Часть ДВАДЦАТЬ СЕДЬМАЯ Глава 1Ряд последующих дней я занимался самопросвещением. Меня интересовало, в какой степени может раздолбать планету огромная и мощная организация типа роксентеровской «колесницы Джаггернаута». Меня переполнило чувство восхищения. Неудивительно, что Ломбар так усердствовал, изучая Роксентера! Я делал выписки где только возможно, намереваясь послать их с волтарианской почтой и снискать расположение своего шефа. Да, на Земле многие технологии примитивны и неэффективны, но система организации Роксентера на многие световые годы опережала любые ей подобные в исследованном космосе. За пять поколений дьявольской ловкости ее хозяев она стала тем, чем была сегодня — колоссом! «Планетой» на планете, пляшущей под дудку одного душевнобольного человека! Блестяще! В сравнении с этим Хеллер был жалким ничтожеством! И я погребу его под лавиной роксентеровской ярости!
Стоило мне выйти из храма самопоклонения Роксентера и вступить снова в кабинет Мисс «Вселенная», как ярость — к счастью, ее, а не Роксентера — обрушилась на меня.
— (…)! — выругалась она, вскинув красивую головку. — Уже пять часов! Мне давно пора быть в клинике на аборте! И стоило так долго тянуть время!

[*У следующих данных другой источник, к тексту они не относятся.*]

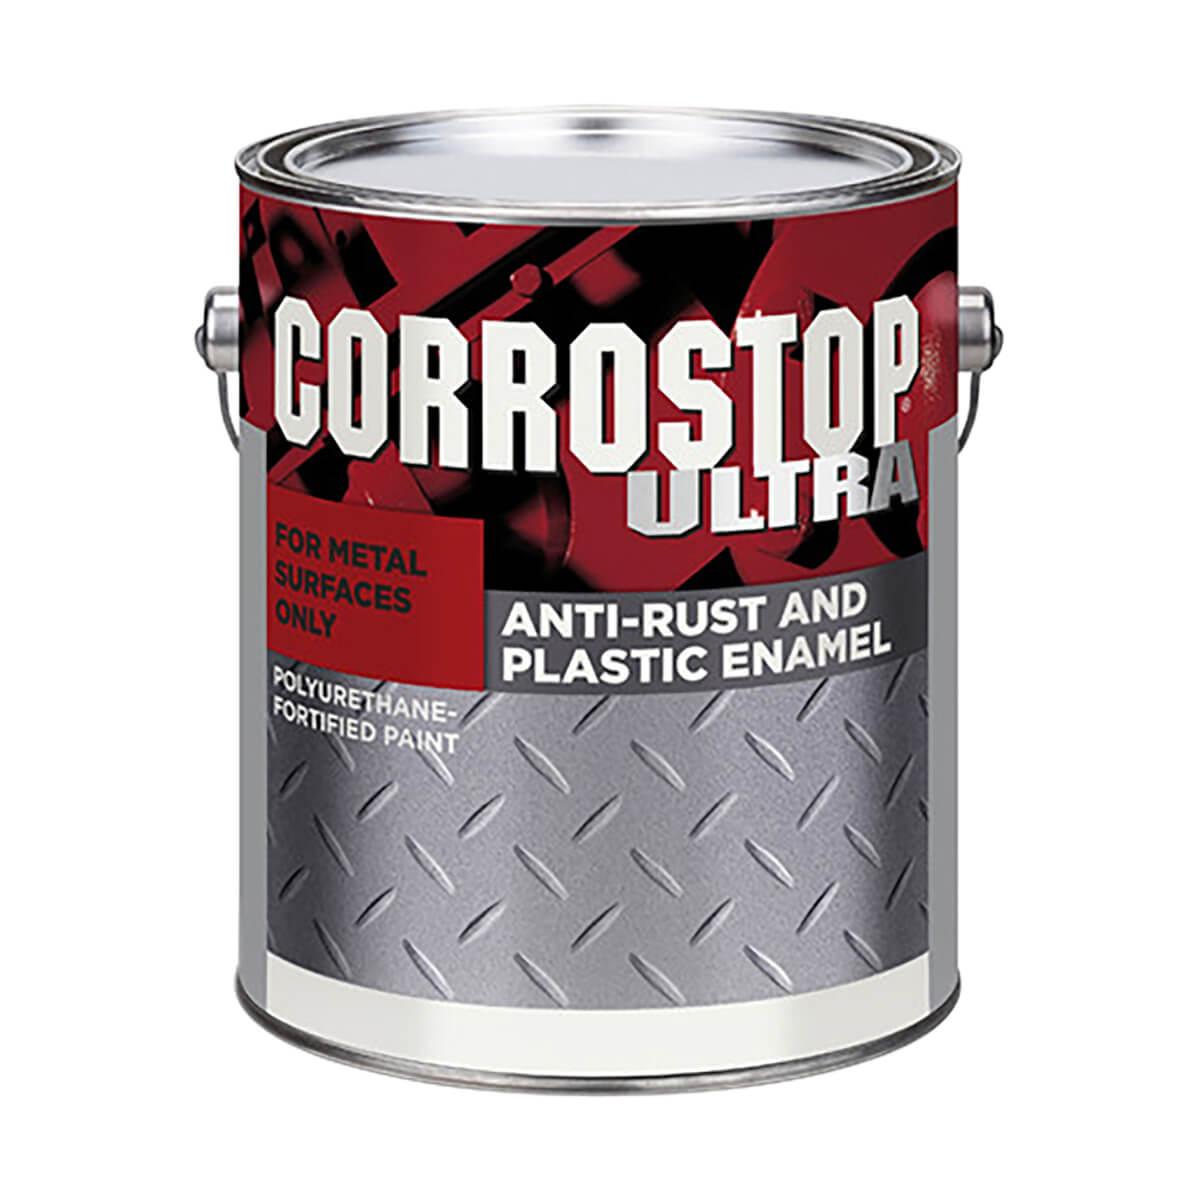 Corrostop - Anti-rust Alkyd Paint - Gloss Black - 3.78 L
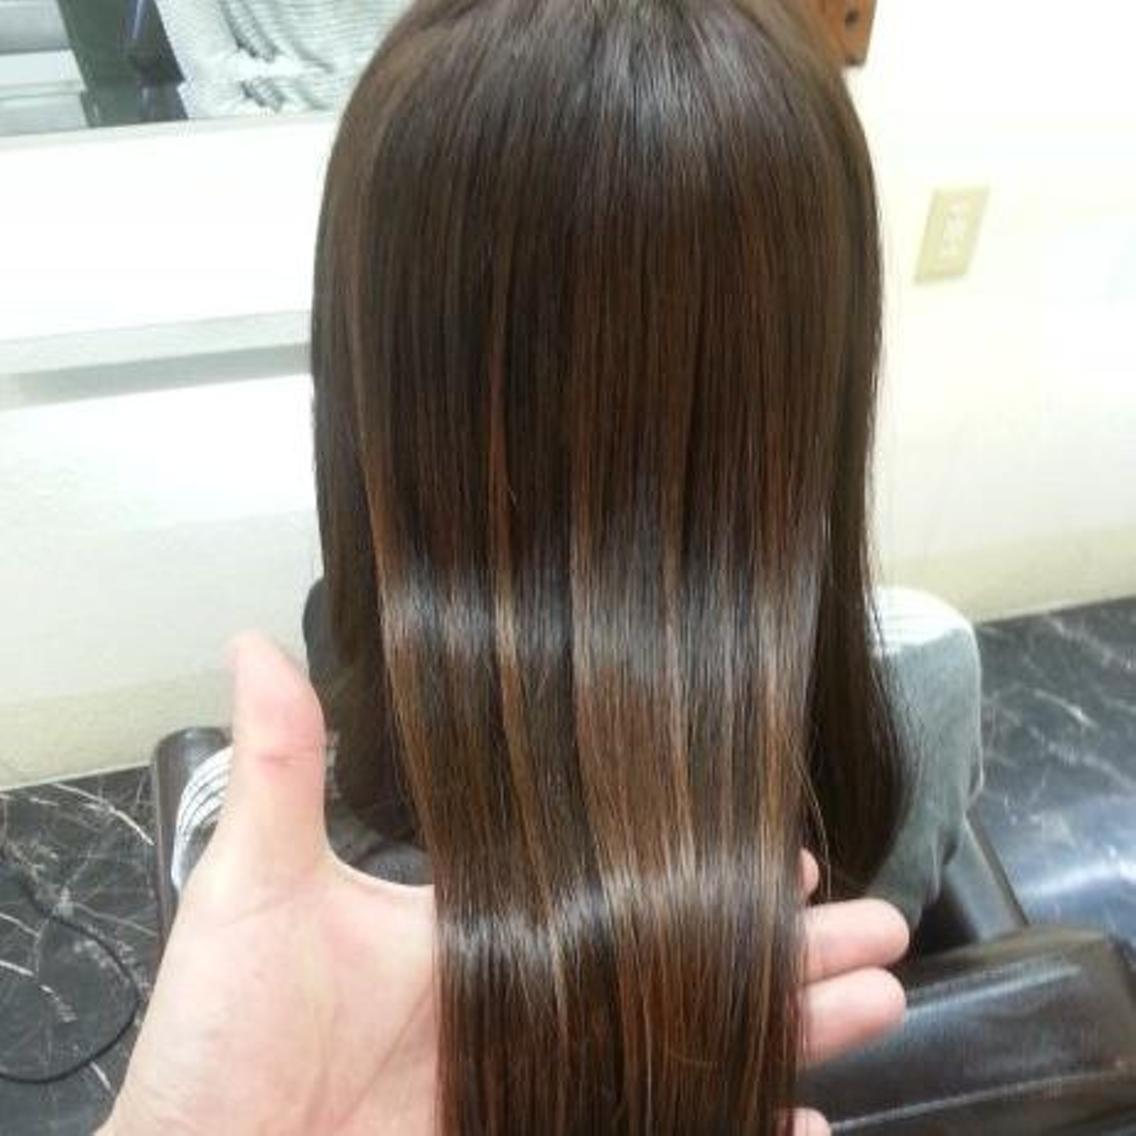 エリアNo. 1✨minimo期間限定特別割引✨《二子玉川》《トリートメントプロショップ》《髪質改善》全ての施術にトリートメントを組み合わせ、髪への負担をなくします❗️

Дисциплина, жесткие графики! Вот что нужно, чтобы создать великую империю!
— Расстегивай же, черт побери, рубашку! — приказала она.
Она стояла уже в пальто и шляпе, яростно роясь в столе, разбрасывая повсюду вещи. — Куда же запропастился этот чертов штамп?
Я расстегнул рубашку, внимательно присматриваясь ко всем ее движениям. Наконец она нашла то, что искала, под зачерствевшим сандвичем с ореховым маслом. Чтобы так ловко запрятать секретный штамп, нужна большая хитрость! Это был большой диск с ручкой и защелкой. Мисс взяла его и с помощью сложенного обрезка бумаги стала сердито толкать подвижной шрифт на диске. Я смог прочесть установленную сю надпись; «ШПИЁН СЕМЕЙСТВА РОКСЕНТЕРОВ». Следовала дата и место для инициалов. Как экономно!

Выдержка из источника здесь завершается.